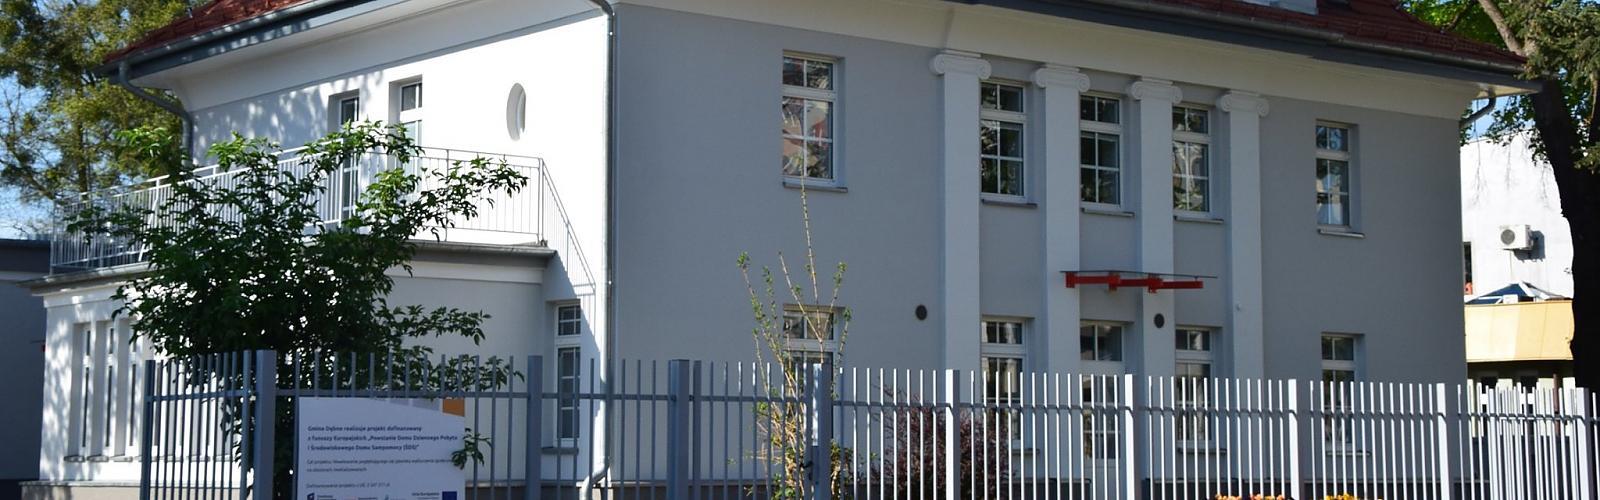 Dębno ma Środowiskowy Dom Samopomocy. W rewitalizacji budynku pomogły eurofundusze - fot. FB ŚDS Dębno
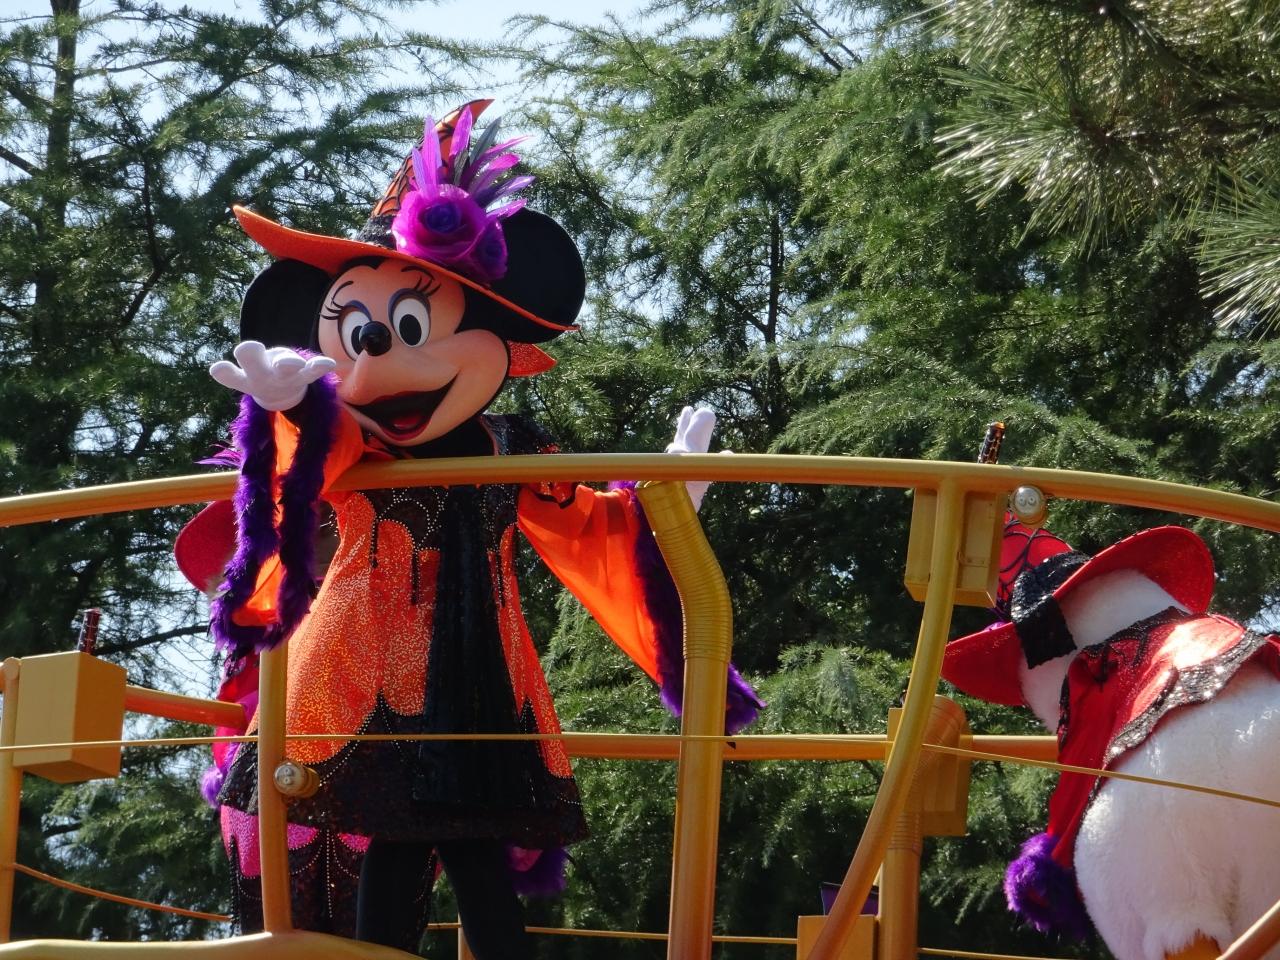 2017ディズニーハロウィンをまったり楽しむ!ディズニーランド/千葉
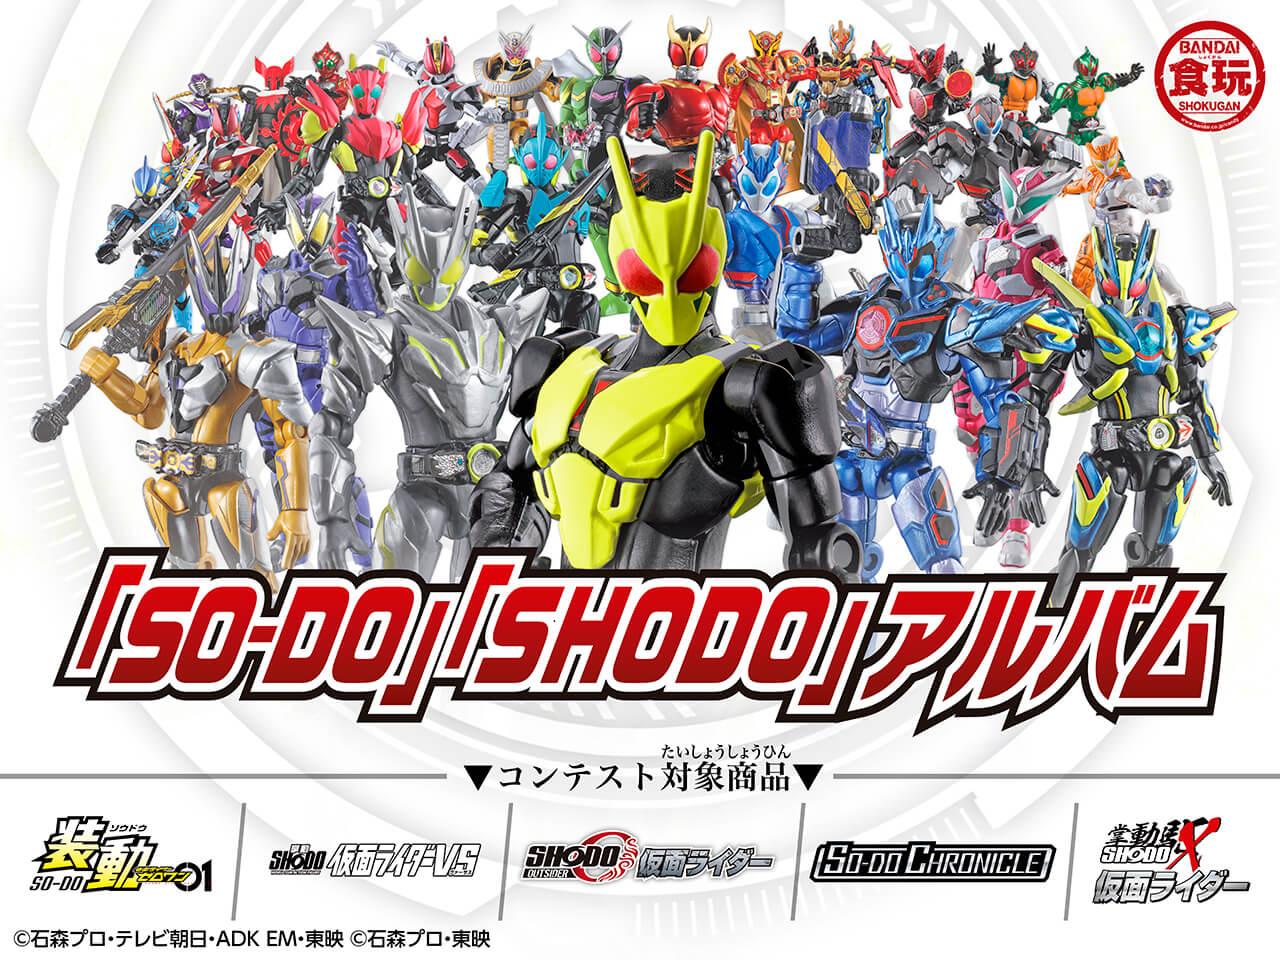 仮面ライダーシリーズ「SO-DO」「SHODO」アルバム
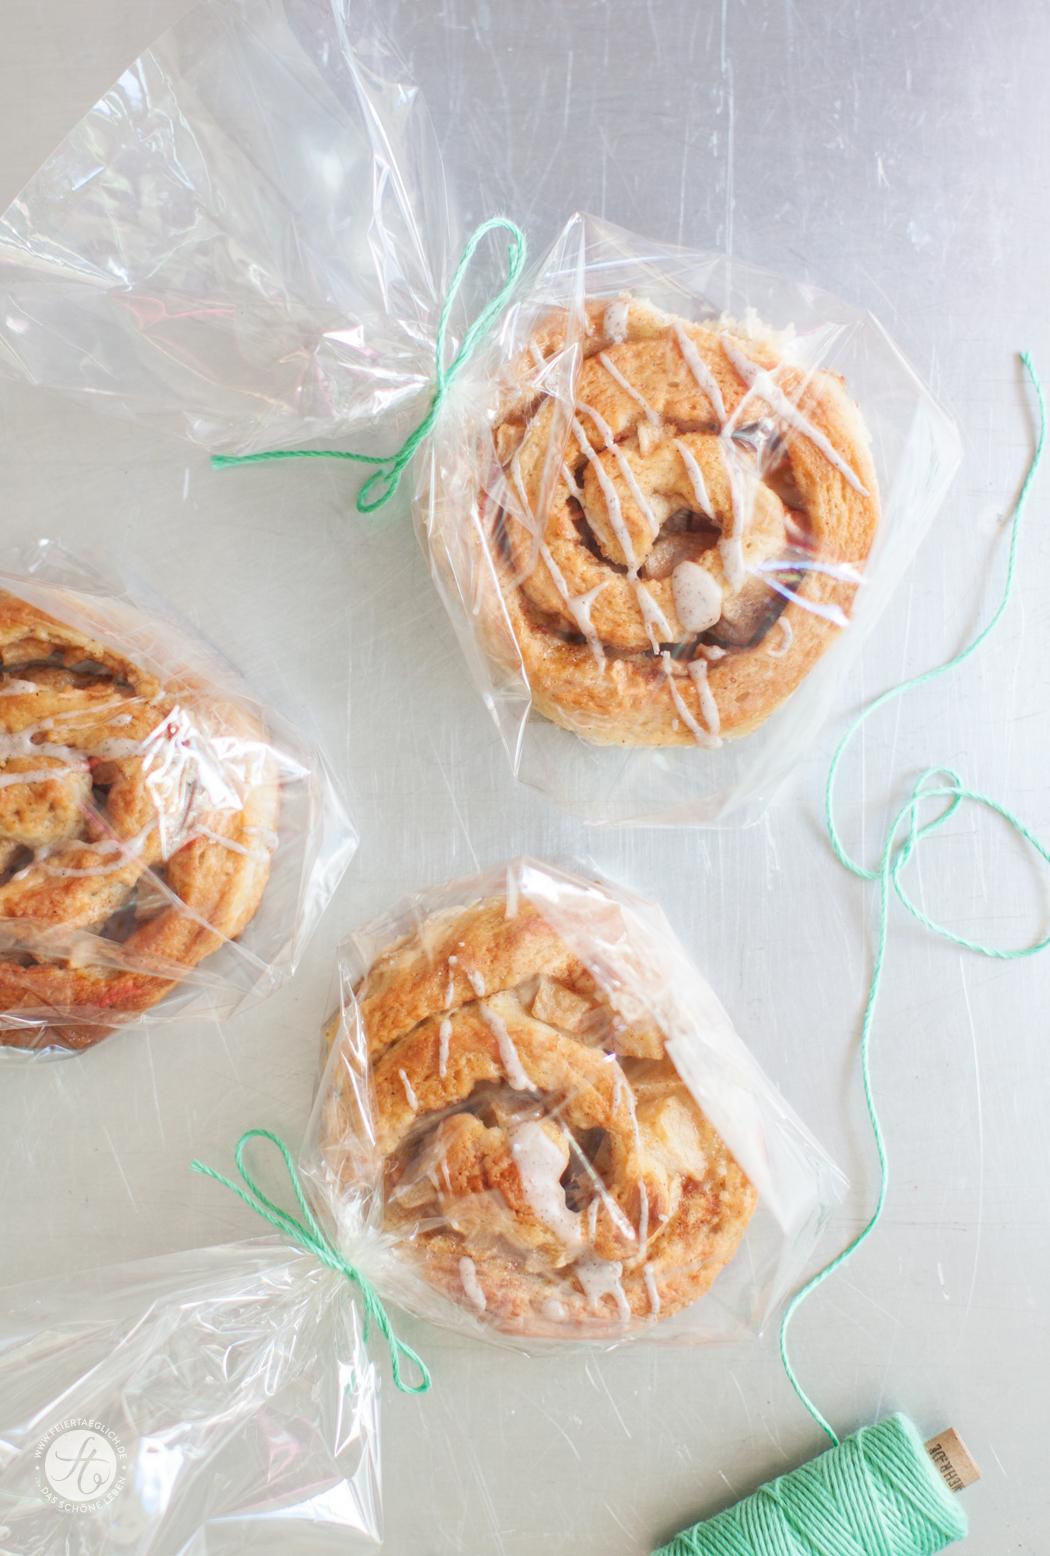 Apfel-Zimfoodblog, zimtschnecken, hefeschnecken, Rezept, Hefegebäck, Gebäck, Apfel, backen, ichbacksmir, feiertäglich, blog, Äpfel, einfach, saftig, fruchtig, schnell, Kardamom, knusprig, Vanille, Zuckerguss, vanilleguss, beste, hefe, cinammon rolls, Zimtrollen, Zimtt-Schnecken mit Vanille-Guss, ein Rezept für knusprige und zugleich saftige Hefeschnecken, die definitiv die Nerven beruhigen | von feiertäglich.de
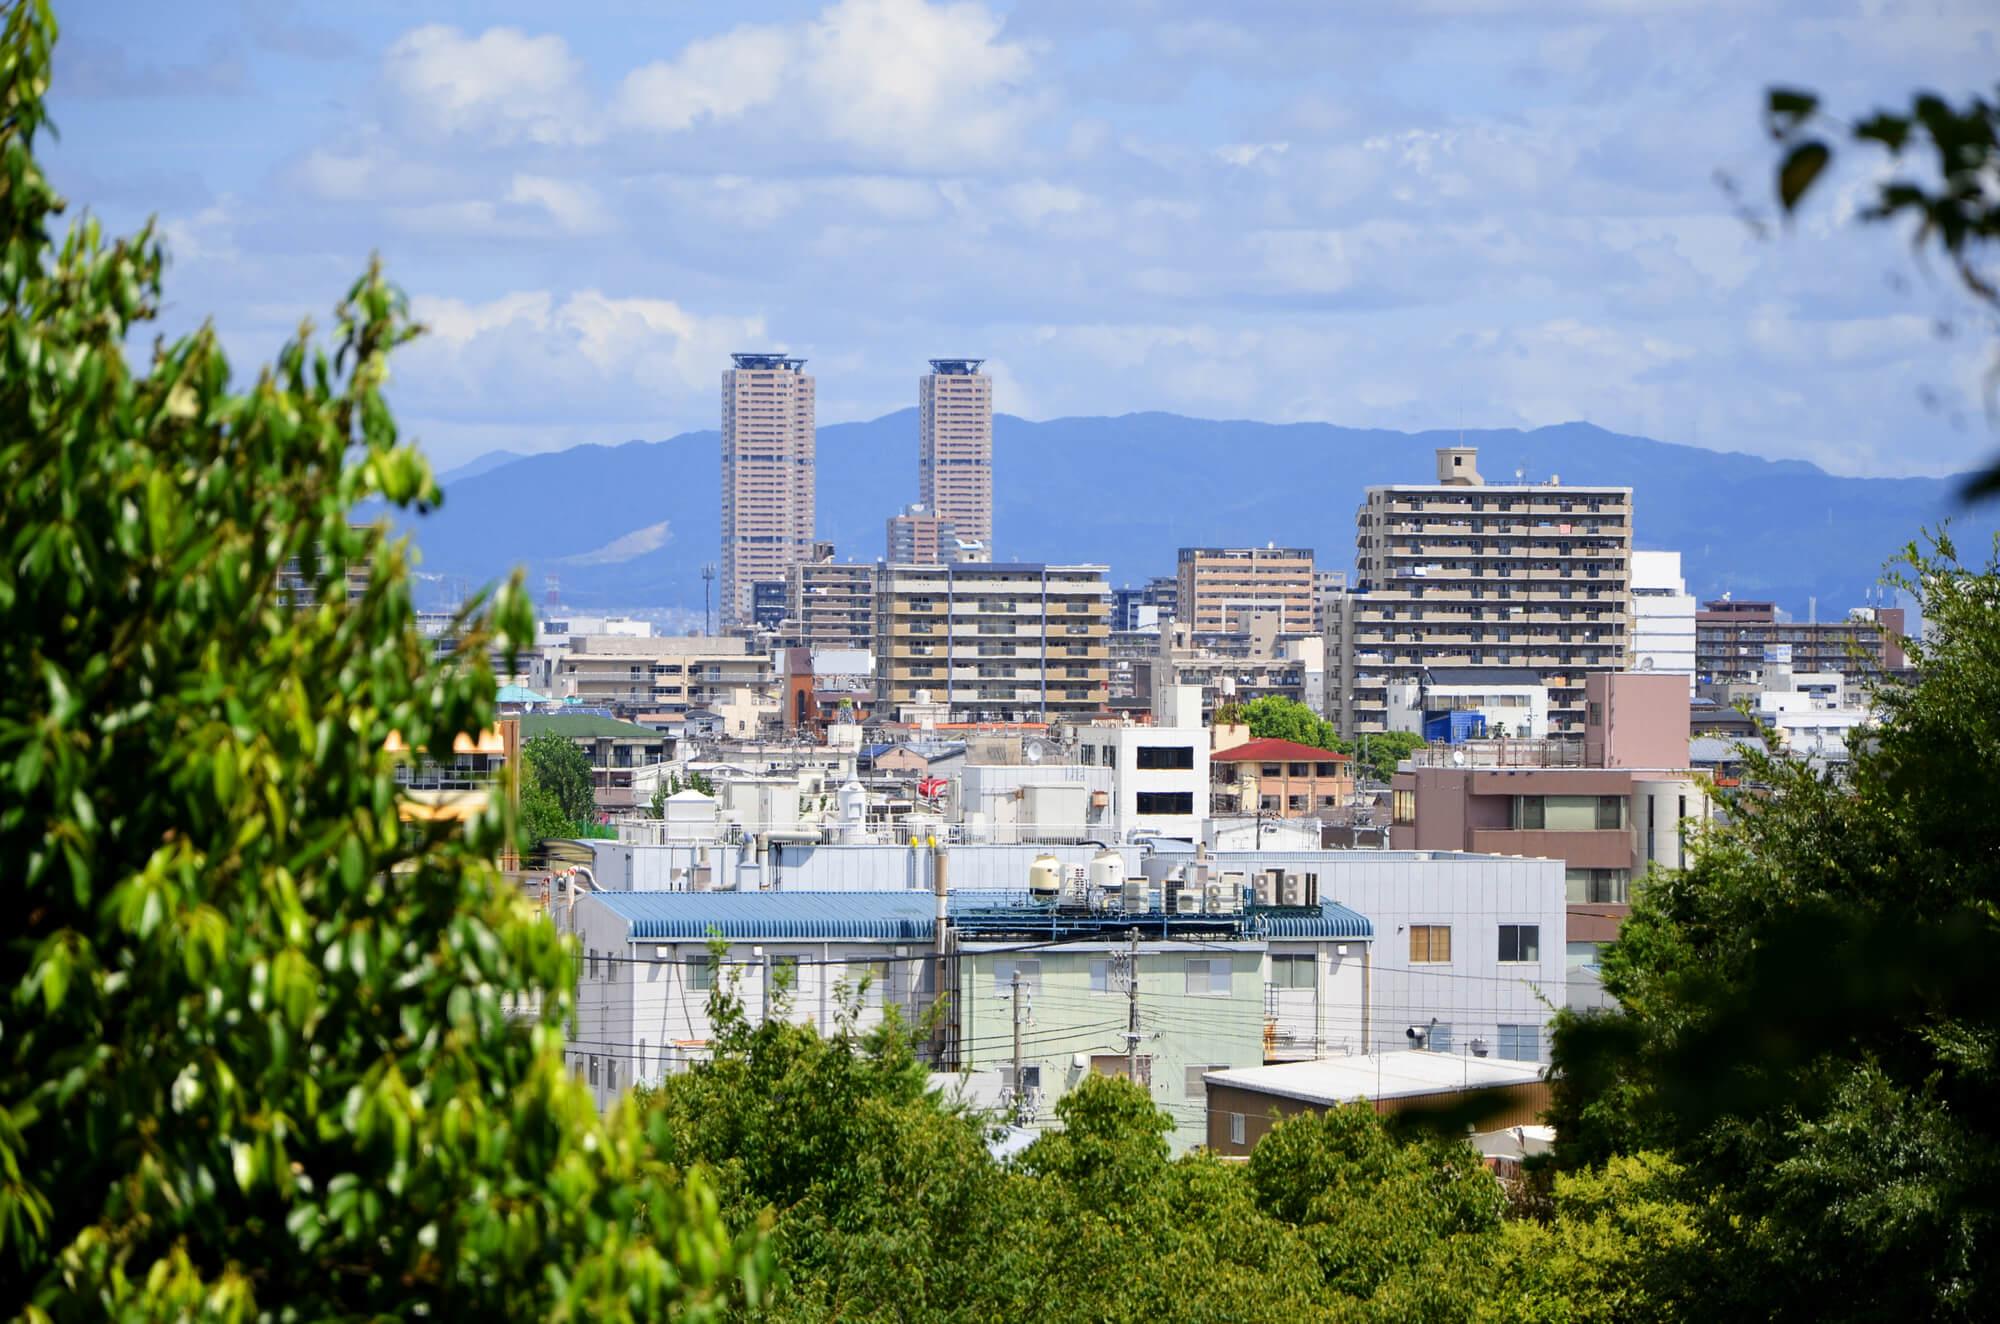 自然豊かな街並み

Instructions to follow: From the first line of the material to the last, retype everything exactly except the images.

Answer area:
 Dębno ma Środowiskowy Dom Samopomocy. W rewitalizacji budynku pomogły eurofundusze - fot. FB ŚDS Dębno
 2017ディズニーハロウィンをまったり楽しむ!ディズニーランド/千葉
 仮面ライダーシリーズ「SO-DO」「SHODO」アルバム
 Apfel-Zimfoodblog, zimtschnecken, hefeschnecken, Rezept, Hefegebäck, Gebäck, Apfel, backen, ichbacksmir, feiertäglich, blog, Äpfel, einfach, saftig, fruchtig, schnell, Kardamom, knusprig, Vanille, Zuckerguss, vanilleguss, beste, hefe, cinammon rolls, Zimtrollen, Zimtt-Schnecken mit Vanille-Guss, ein Rezept für knusprige und zugleich saftige Hefeschnecken, die definitiv die Nerven beruhigen | von feiertäglich.de
 自然豊かな街並み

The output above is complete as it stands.